Technological resources used in the tangible tabletop. The image shows the technological resources used to construct the tangible tabletop in TangiTime. a Projection screen, b web camera, c diffuse illuminator, d mirror, e projector, f computer, g physical objects, and h speaker

For the interactive surface, we used a glass screen of 95 cm by 95 cm and a mirror with a position angle of 45 grades to achieve a larger projection distance. The table surface was illuminated with infrared LED lamps because the computer vision component needs to operate in a different, invisible spectrum such as near infrared in the range of 850 nm. A camera situated beneath the table tracked the fiducial markers that are processed to determine the location, orientation, and identity of them. We choose a webcam model with a native resolution of 640 x 480 at a frame rate of 30 Hz. A webcam usually comes with an infrared filter that blocks out the infrared light from the outside, thus allowing only visible light to pass through. This IR filter needed to be replaced by an IR bandpass filter. We used a projector Dell 4320 to project the images and simulations on the tabletop display. The projector was located in front of a mirror to achieve a larger projection distance and on a slanted wooden box. We adjusted the keystone correction incorporated in the projector according to the angle of the mirror and the inclination of the box.

Tangible objects

We designed and constructed five physical objects to interact with the TangiTime exhibit (Fig. 5): a meteorite, a volcano, a dragonfly, and two dinosaurs, all with a different fiducial marker attached in their base. For the construction of the physical objects, we used 3D printing models to construct the volcano and the meteorite objects. In the dragonfly case, it was built manually using materials as wooden popsicle sticks, silicone, and wires. Its wings were printed on paper and were provided with movement through a mechanism built using a servo motor (Fig. 6 right). The dinosaurs were acquired toys with a soft structure that facilitated stuffing devices inside them (Fig. 6 left).

Fig. 5
figure 5

Physical objects to interact with the installation. The image shows five physical objects to interact with the installation. a Meteorite, b volcano, c dragonfly, d Tyrannosaurus rex, and e triceratops

Fig. 6
figure 6

Electronic components used into the physical objects. The image shows the electronic components used into the dragonfly and the Tyrannosaurus rex. The dragonfly has an embedded servo motor to move its wings, and the two dinosaurs have embedded RGB LEDs to light their eyes. The objects have a Wemos Lolin32 microcontroller and a small LiPo battery. We decided to use the WeMos Lolin32 microcontroller because it has a Lithium battery interface and offers WiFi and Bluetooth connectivity

Software resources

The TangiTime system consists of a tracking system to detect the fiducial markers and a client application to control the interactive visualizations projected on the tabletop display.

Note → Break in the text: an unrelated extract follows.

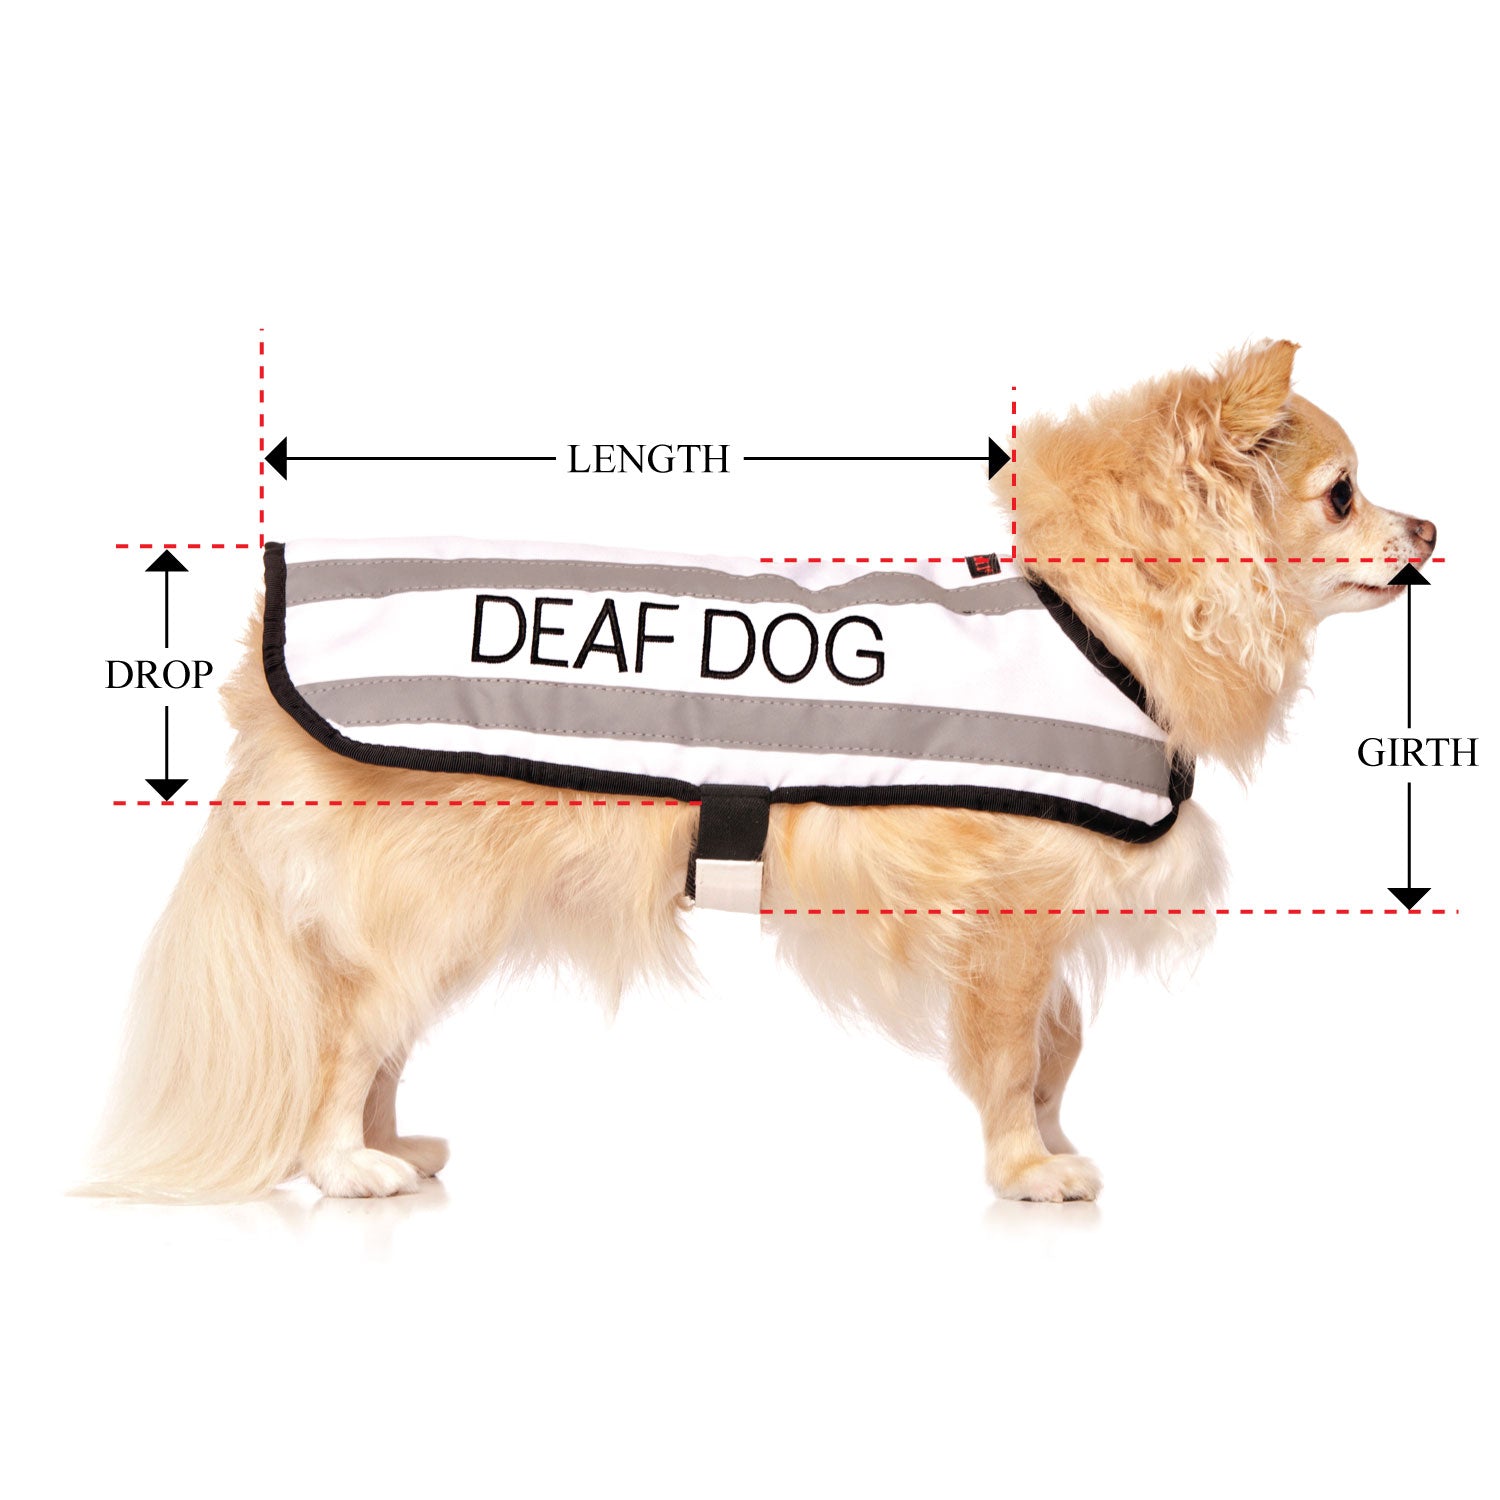 DEAF DOG - Small Coat
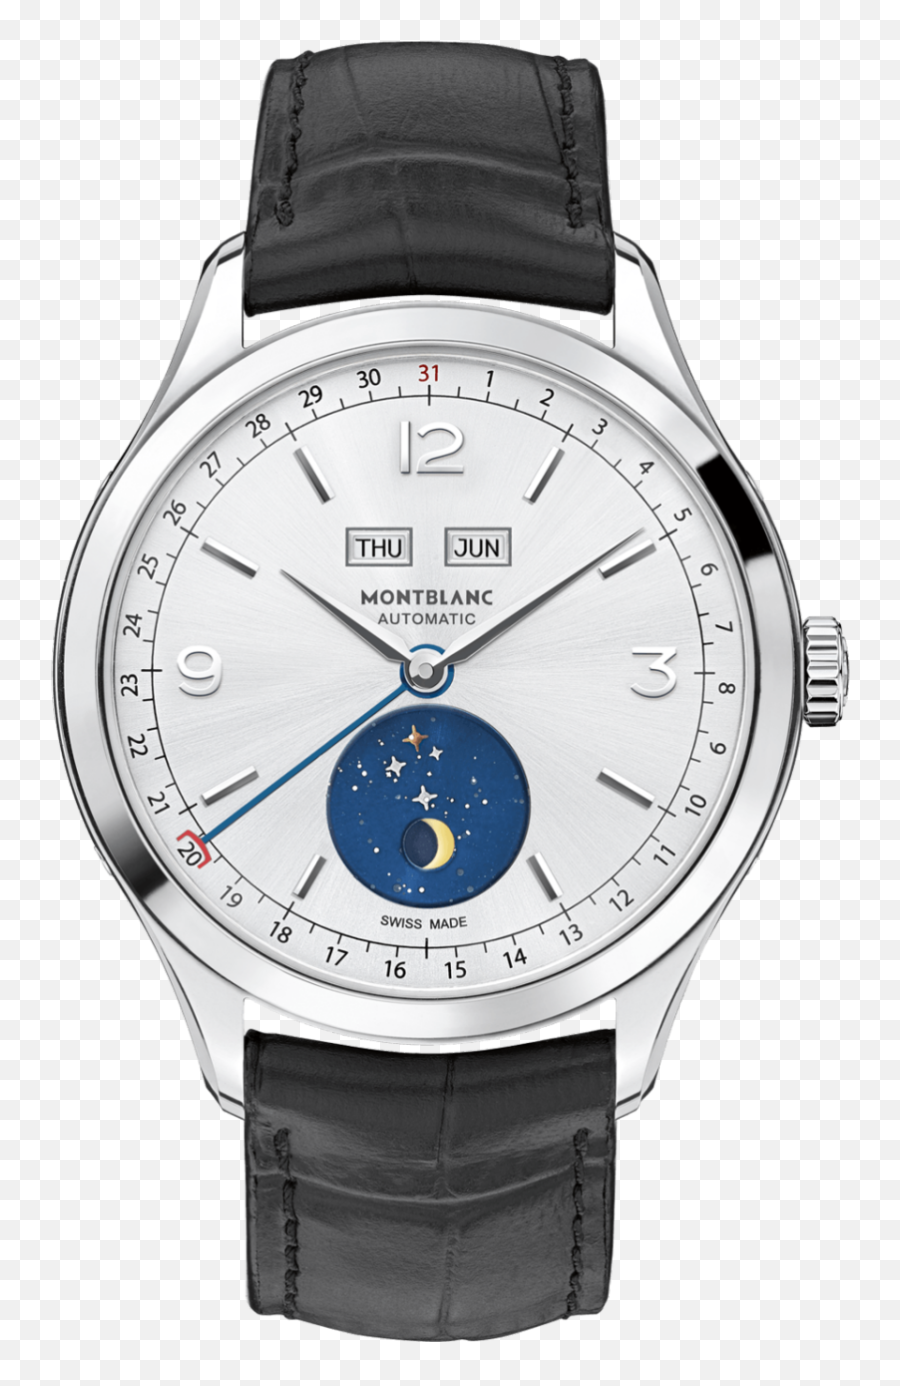 Montblanc Or Omega - Watch Discussion Forum The Watch Forum Montblanc Heritage Chronométrie Quantième Complet Emoji,Guess The Emoji 112

To enable the recognition of the fiducial markers, we used the ReacTiVision framework [39] that allows the conversion of tangible objects into digital representations. ReacTIVision is an open source, cross-platform computer vision framework for the fast and robust tracking of specially designed fiducial markers in a real-time video stream using an IR camera, and it is available on a public SourceForge site [40]. A camera situated beneath the table detects and processes the fiducial markers and this information is sent to a client application to create the simulations, to change the visualizations or to generate feedback on the objects themselves. The information of the tracking system is sent to the Processing client application using the TUIO protocol [41].

As a client application, we used the Processing environment [42], which is an open source programming language and environment to work with images, simulations, and sounds. It is an ideal platform for interactive installations and has hundreds of libraries provided by the Processing community that can be added to enable things like playing sounds, doing computer vision, and working with advanced 3D geometry. In this work, the Processing application controls the interactive visualization projected on the tabletop display, the simulations, and the bi-directional communication with the physical objects through an Internet of Things platform (IoT) (Shiftr.io [43]).

Besides that, we use the idea behind the IoT approach [24] to allow physical objects to transmit and receive data through an IoT platform and communicate among themselves. To this end, an Wemos Lolin32 microcontroller, actuators, and a small LiPo battery were incorporated into three physical objects (dragonfly and dinosaurs). Also, the dragonfly has an embedded servo motor to move its wings and the two dinosaurs have embedded RGB LEDs to light their eyes. We decided to use the WeMos Lolin32 microcontroller because it has a Lithium battery interface and offers WiFi and Bluetooth connectivity. The microcontrollers communicate wirelessly with the IoT platform that has the aim of interconnecting objects, devices, and apps through the MQTT [44] protocol. Table 3 shows the software resources used to implement the TangiTime system and the interconnection with physical objects.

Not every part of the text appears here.